I have a reEntrant parser which takes input from a string and has a structure to maintain context. A function is called with different input strings to be parsed. Relevant code of that function is:

void parseMyString(inputToBeParsed) {

 //LEXICAL COMPONENT - INITIATE LEX PROCESSING
   yyscan_t scanner;    
   YY_BUFFER_STATE  buffer;
   yylex_init_extra(&parseSupportStruct, &scanner );
   //yylex_init(&scanner);

   buffer = yy_scan_buffer(inputToBeParsed, i+2, scanner);

   if (buffer == NULL) {
       strcpy(errorStrings,"YY_BUFFER_STATE returned NULL pointer\n");
       return (-1);
   }


//BISON PART - THE ACTUAL PARSER
yyparse(scanner, &parseSupportStruct);

...

yylex_destroy(scanner);
...
}

My .l options are:

 %option noinput nounput noyywrap 8bit nodefault                                 
 %option yylineno
 %option reentrant bison-bridge bison-locations                                  
 %option extra-type="parseSupportStructType *"

Relevant lines from .y are:

  %define api.pure full
  %locations
  %param { yyscan_t scanner }
  %parse-param { parseSupportStructType* parseSupportStruct}
  %code {
    int yylex(YYSTYPE* yylvalp, YYLTYPE* yyllocp, yyscan_t scanner);
    void yyerror(YYLTYPE* yyllocp, yyscan_t unused, parseSupportStructType* parseSupportStruct,  const char* msg);
    char *yyget_text (yyscan_t);
    char *strcpy(char *, const char *);
  }
  %union {
     int numval;
     char *strval;
     double floatval; 
  }

In my parser, in some rules, I try to access yyllocp->first_line. In the first call to parseMyString(...), I get the correct value. The second time, I get some uninitialized value. Do I need to initialize yyllocp->first_line in each call to parseMyString? How and where? I know I have given partial, redacted code, to explain the situation. Will be happy to provide further details.

Using valgrind I have removed memory leaks to the best of my abilites but some third-party library issues are beyond my control.


Solution

  • Nothing in flex or bison will maintain the value of yylloc.

    Bison parsers (other than push parsers) will initialise that variable. (If you accept the default location type -- that is, you don't #define YYLTYPE -- yylloc will be initialised to {1, 1, 1, 1}. Otherwise, it will be zero-initialised, whatever that means for whatever type it is.) Bison also produces code which computes the location of a non-terminal based on the locations of the non-terminal's first and last children.
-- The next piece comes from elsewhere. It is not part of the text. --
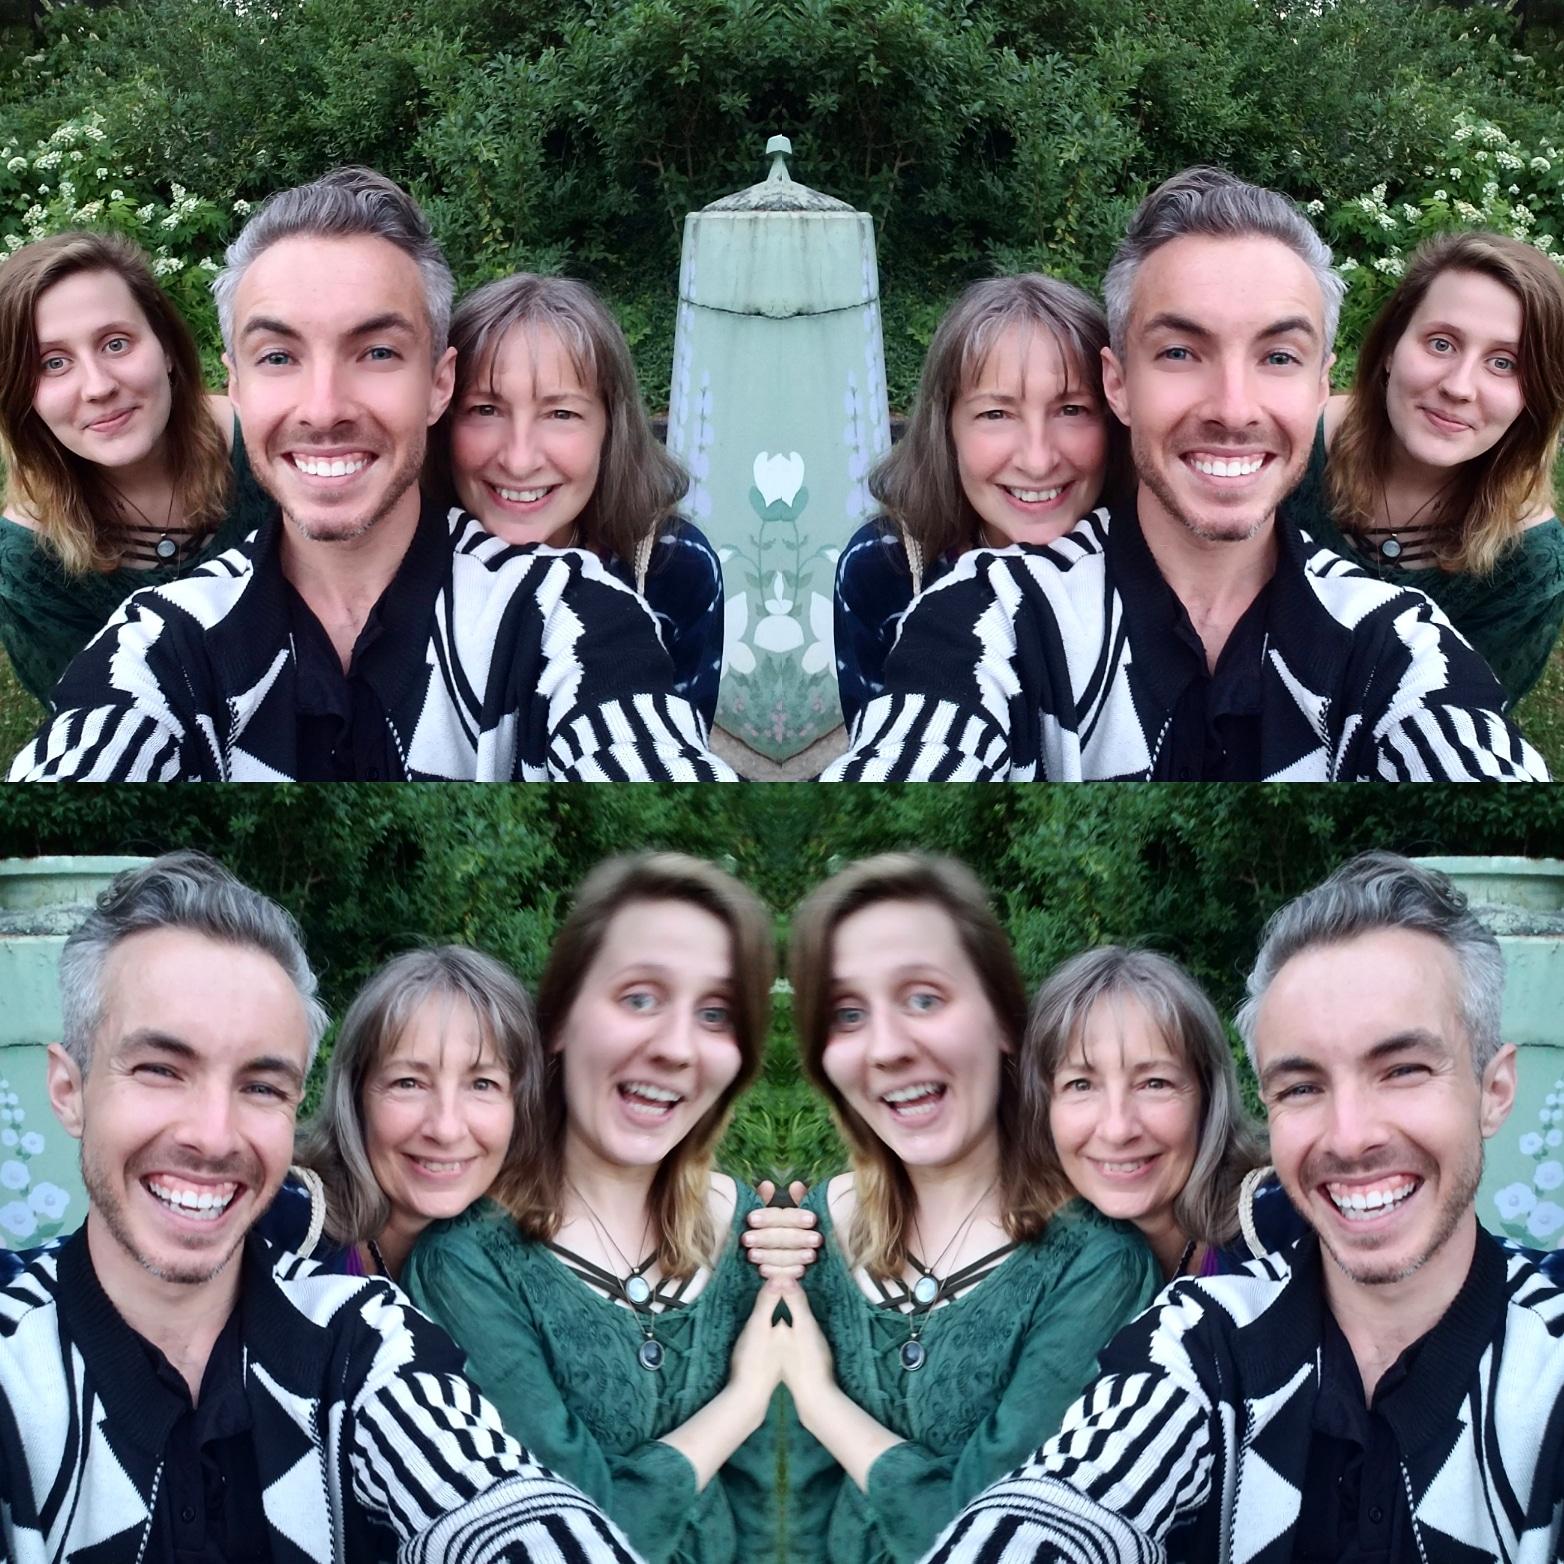 Krissy, Thomas, Alva
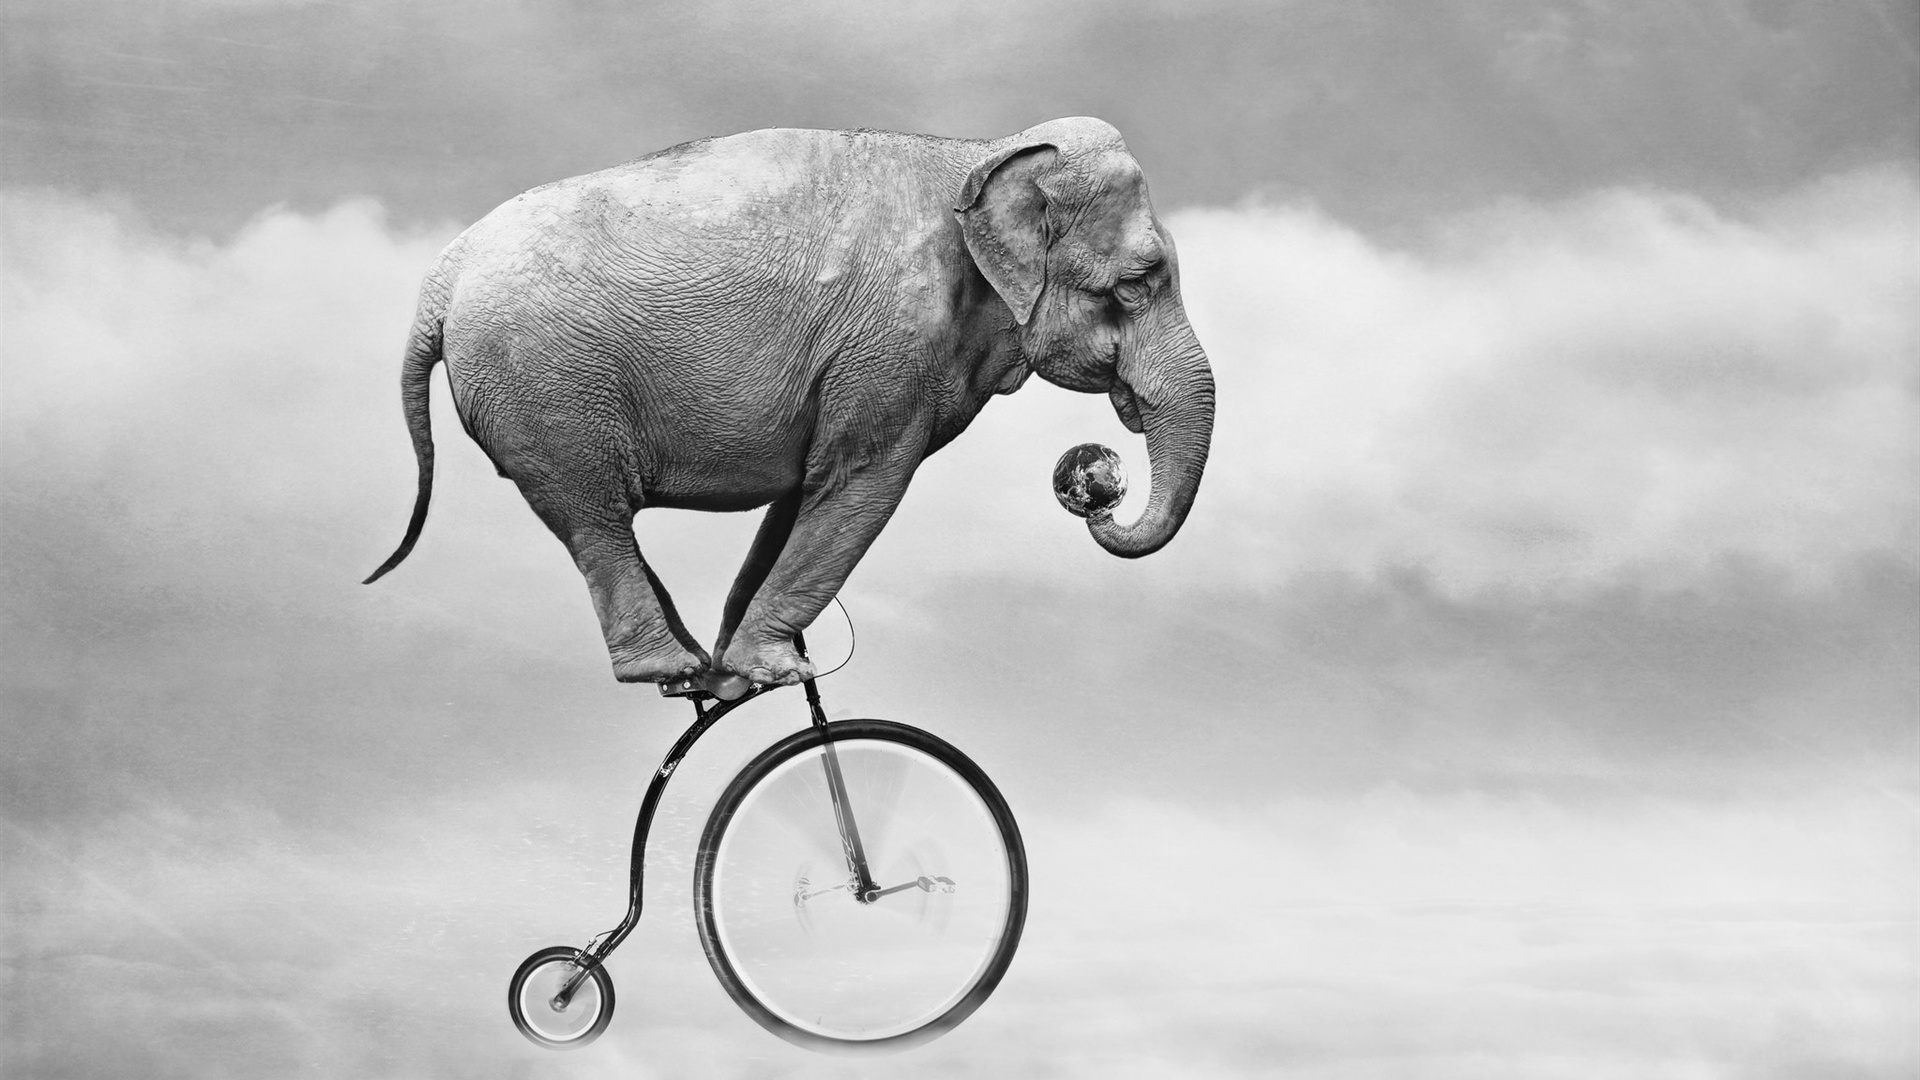 Elephant design wallpaper

Flex's generated code doesn't touch the location object at all.

    A flex scanner does automatically maintain yylineno if you ask enabled this feature with

    %option yylineno
    

    Flex can usually do that more efficiently than you can, and it handles all the corner cases (yyless, yymore, input(), REJECT). So if you want to track line numbers, I strongly recommend letting flex do it.

    But there is one important issue with flex's yylineno support. In a reentrant scanner, the line number is stored in each flex buffer, not in the scanner state object. That's almost certainly the correct place to store it, IMHO, because if you are using multiple buffers, they probably represent multiple input steams, and normally you'll want to cite the number of a line within its file. But yy_scan_buffer does not initialise this field. (And therefore neither do yy_scan_string and yy_scan_bytes, which are just wrappers around yy_scan_buffer.)

    So if you are using one of the yy_scan_* interfaces, you should reset yylineno by calling yyset_lineno immediately after yy_scan_*. In your case, this would be:

    buffer = yy_scan_buffer(inputToBeParsed, i+2, scanner);
    yyset_lineno(1, scanner);
    

    Once you've got yylineno, it's easy to maintain the yylloc object. Flex has a hook which lets you inject code just before any the action for a pattern is executed (even if the action is empty) and this hook can be used to automatically maintain yylloc. In this answer, I provide a simple example of this technique (which depends on yylineno being maintained by the flex-generated scanner):

    #define YY_USER_ACTION                                             \
      yylloc->first_line = yylloc->last_line;                          \
      yylloc->first_column = yylloc->last_column;                      \
      if (yylloc->last_line == yylineno)                               \
        yylloc->last_column += yyleng;                                 \
      else {                                                           \
        yylloc->last_line = yylineno;                                  \
        yylloc->last_column = yytext + yyleng - strrchr(yytext, '\n'); \
      }
    

    As the notes in that answer indicate, the above is not fully general, but it will work in many circumstances:

    This YY_USER_ACTION macro should work for any scanner which does not use yyless(), yymore(), input() or REJECT. Correctly coping with these features is not too difficult but it seemed out of scope here.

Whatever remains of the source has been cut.